### Available data

+ + +

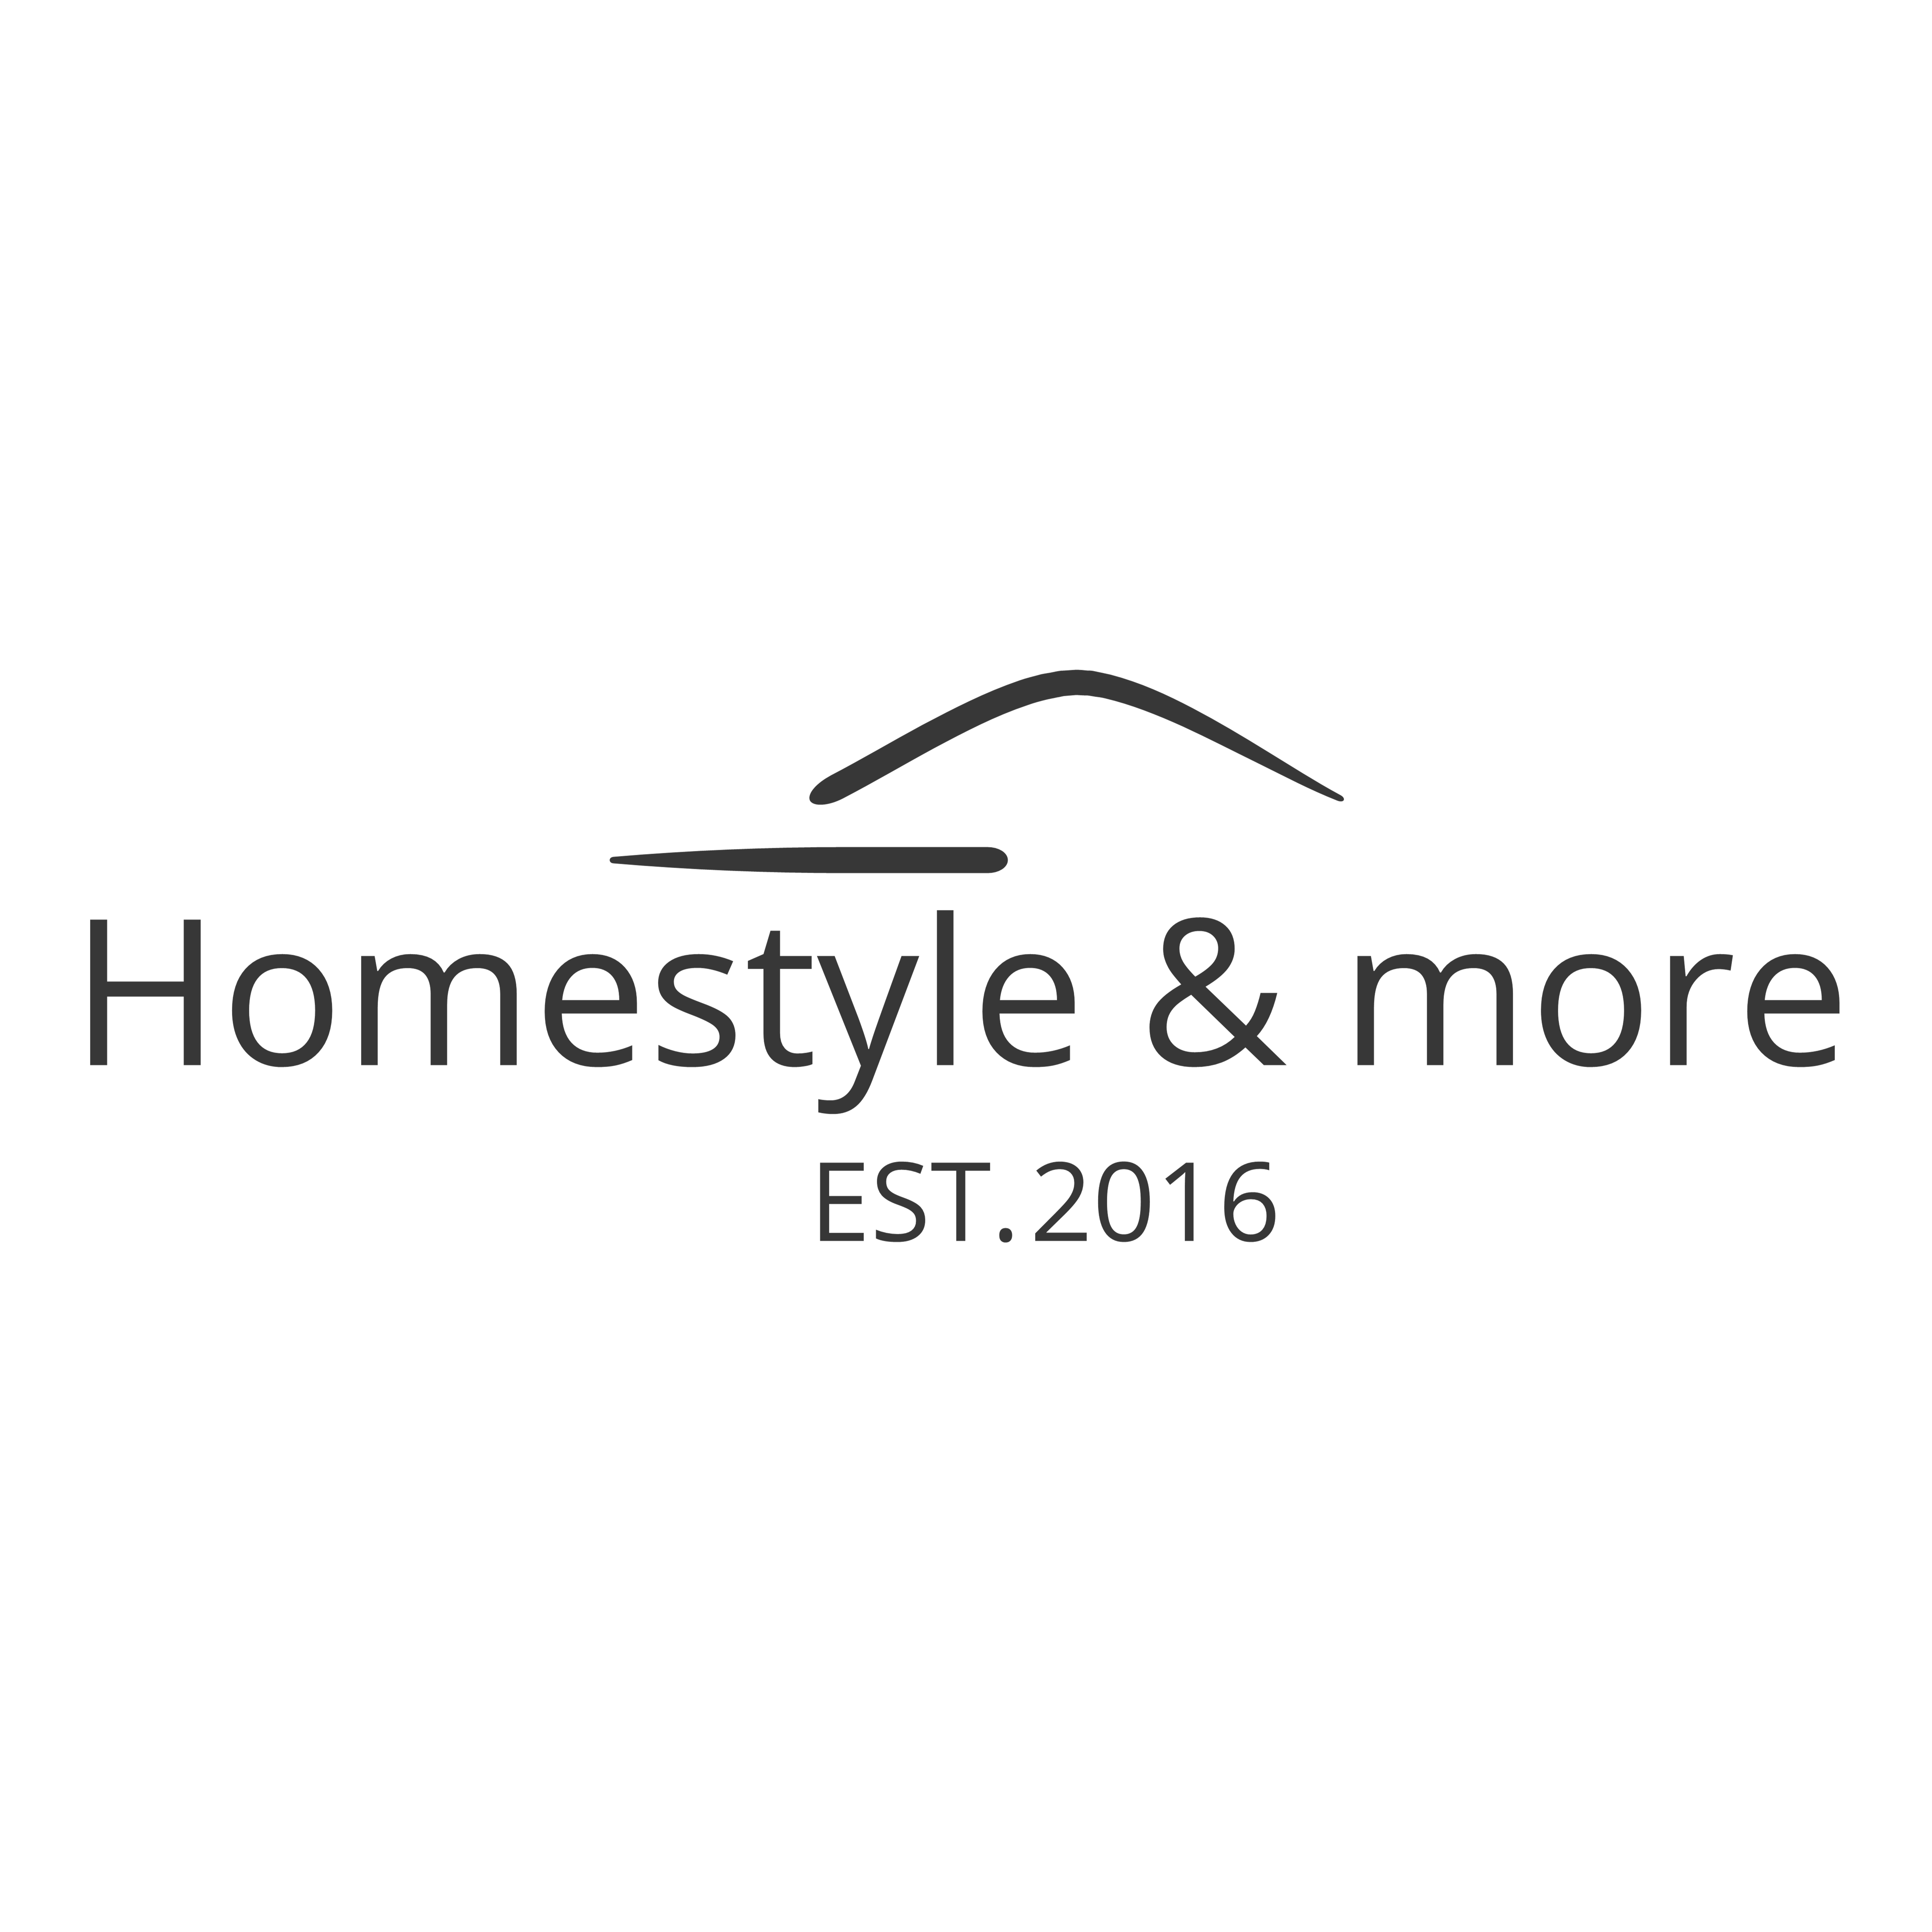 Homestyle & more Marcus Baumann Logo
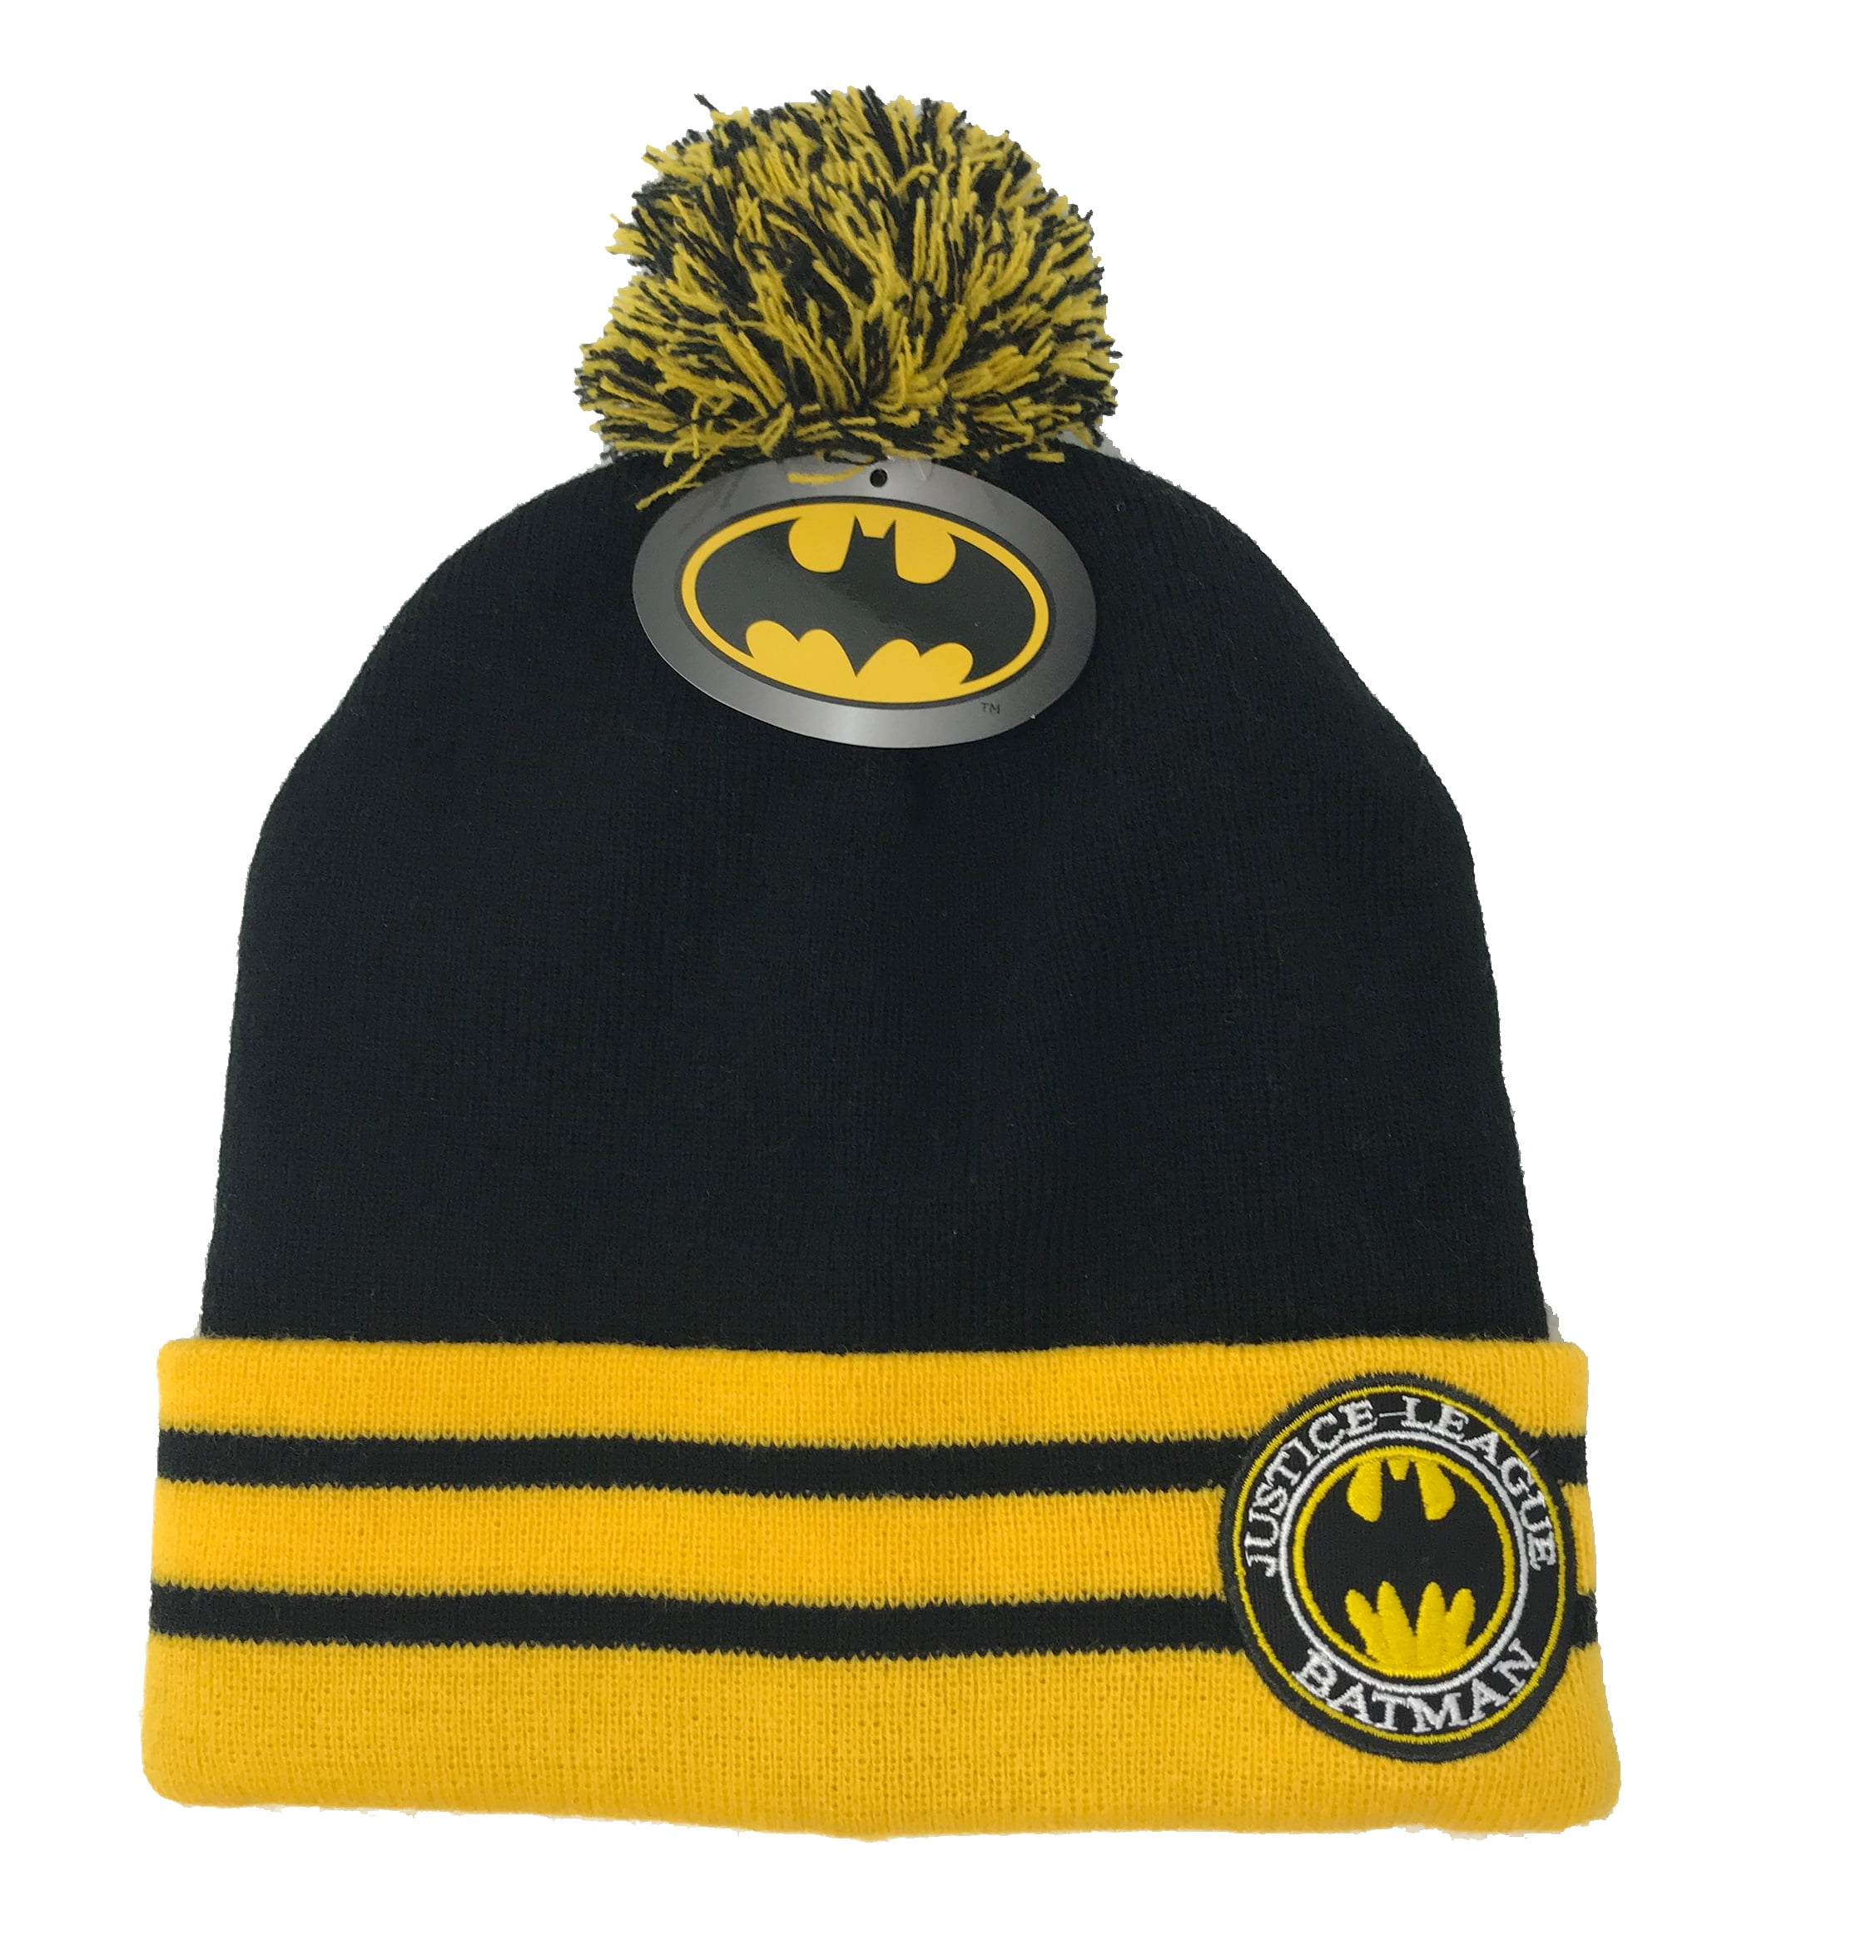 Justice League DC Batman Men's Boy's One Size Fits Most Winter Cuff Beanie Hat
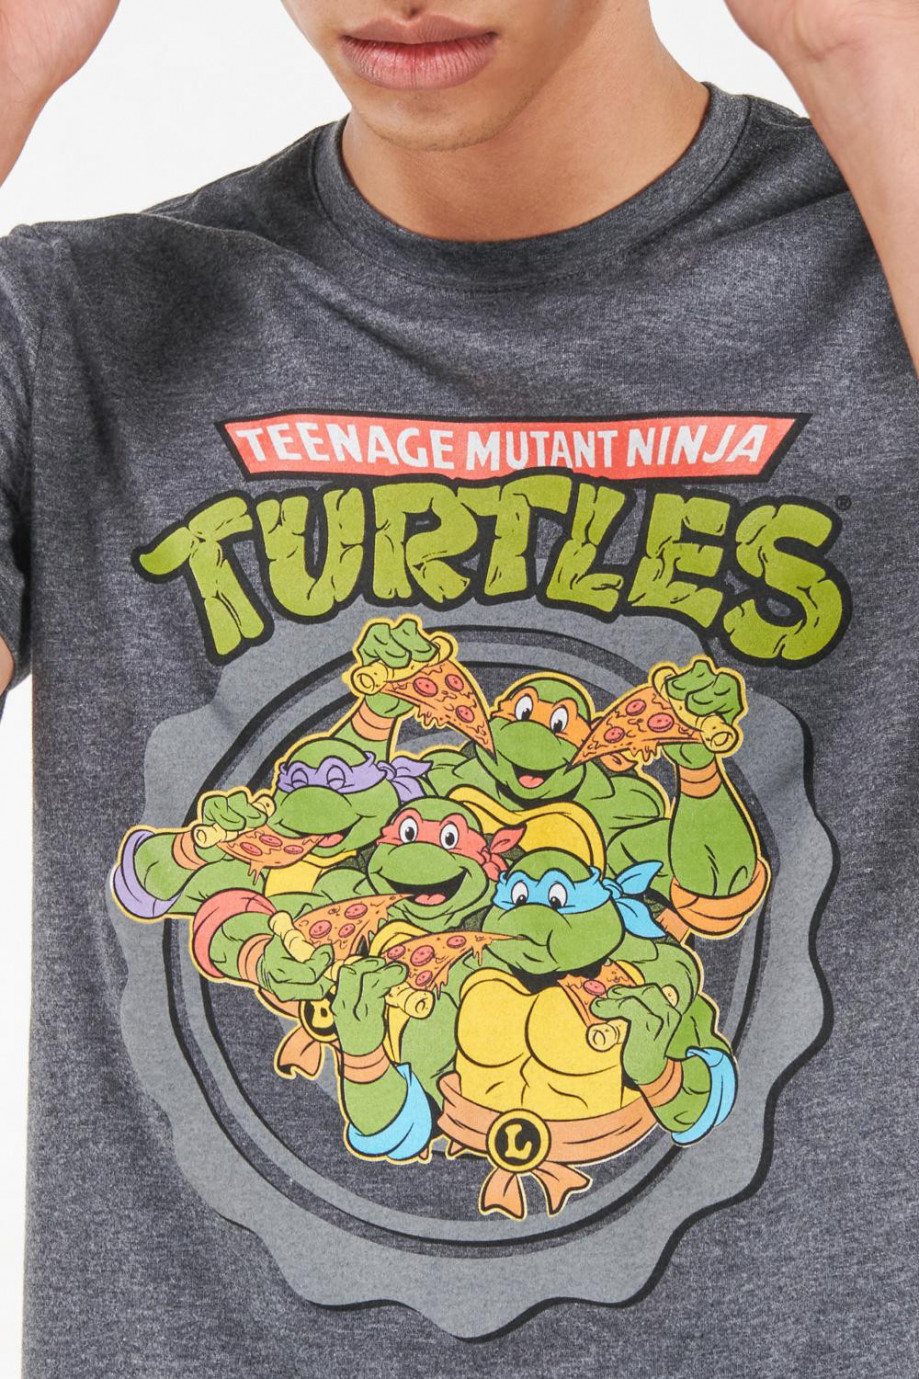 Camiseta manga corta estampado de Tortugas Ninja

+ + +

### Task requirements
Each line from the one with "Justice League DC" to the end of the material needs to be output word for word, with no picture included.

### Written response
 Justice League DC Batman Men's Boy's One Size Fits Most Winter Cuff Beanie Hat
 Camiseta manga corta estampado de Tortugas Ninja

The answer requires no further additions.